Wird das Recht auf Abtreibung in der Luxemburger Verfassung verankert, oder nicht? Es ist eine der entscheidenden Fragen der diesjährigen parlamentarischen „Rentrée“. Dabei hat die Thematik durchaus das Potenzial, die CSV-DP-Koalition zu entzweien.
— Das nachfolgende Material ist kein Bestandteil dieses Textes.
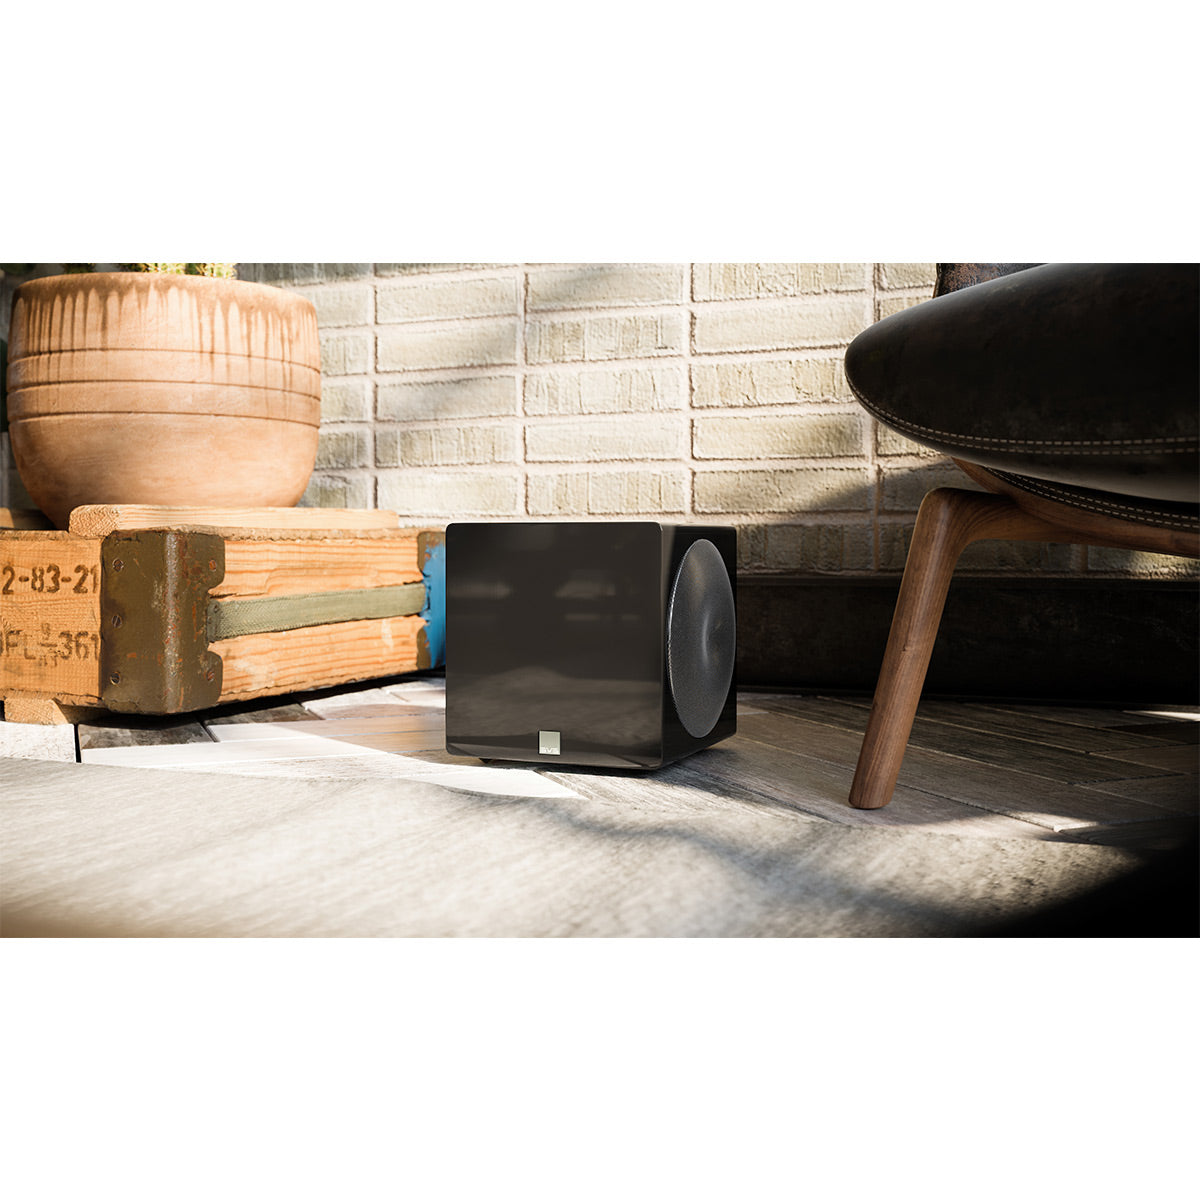 SVS 3000 Micro Sealed Subwoofers with Fully Active Dual 8-inch Drivers - Pair (Piano Gloss Black)

Man lehnt sich mit der Prognose, dass die CSV-DP-Koalition nicht als die gesellschaftspolitische Reformmannschaft der vergangenen Jahrzehnte in die Geschichte eingehen wird, wohl nicht zu weit aus dem Fenster. Mit diesem Versprechen ist die konservativ-liberale Regierungskoalition auch nicht angetreten. Die Prioritäten liegen klar auf wirtschafts- und arbeitspolitischen Reformen, um „Lëtzebuerg fir d’Zukunft ze stäerken“. Oder wie Vizepremierminister Xavier Bettel es weitaus weniger subtil ausdrückt: „Méi Cash an der Täsch.“
Dementsprechend ist die Debatte, die derzeit in der Chamber um eine mögliche Verankerung des Rechtes auf Abtreibung geführt wird, umso spannender. Innerhalb der DP, das geht aus den Diskussionen in der Institutionenkommission am Montag deutlich hervor, ist man sich noch uneins. Eines steht fest: Ohne textliche Änderungen werden die Liberalen den vorliegenden Entwurf des Linken-Politikers Marc Baum wohl kaum annehmen. Innerhalb der nächsten Wochen soll geklärt werden, ob die DP mit einem textlichen Gegenentwurf antworten will oder nicht. Es sind aber größtenteils Detailfragen, dem verfassungsrechtlich verankerten Recht auf Abtreibung will sich eine DP nicht grundlegend verschließen.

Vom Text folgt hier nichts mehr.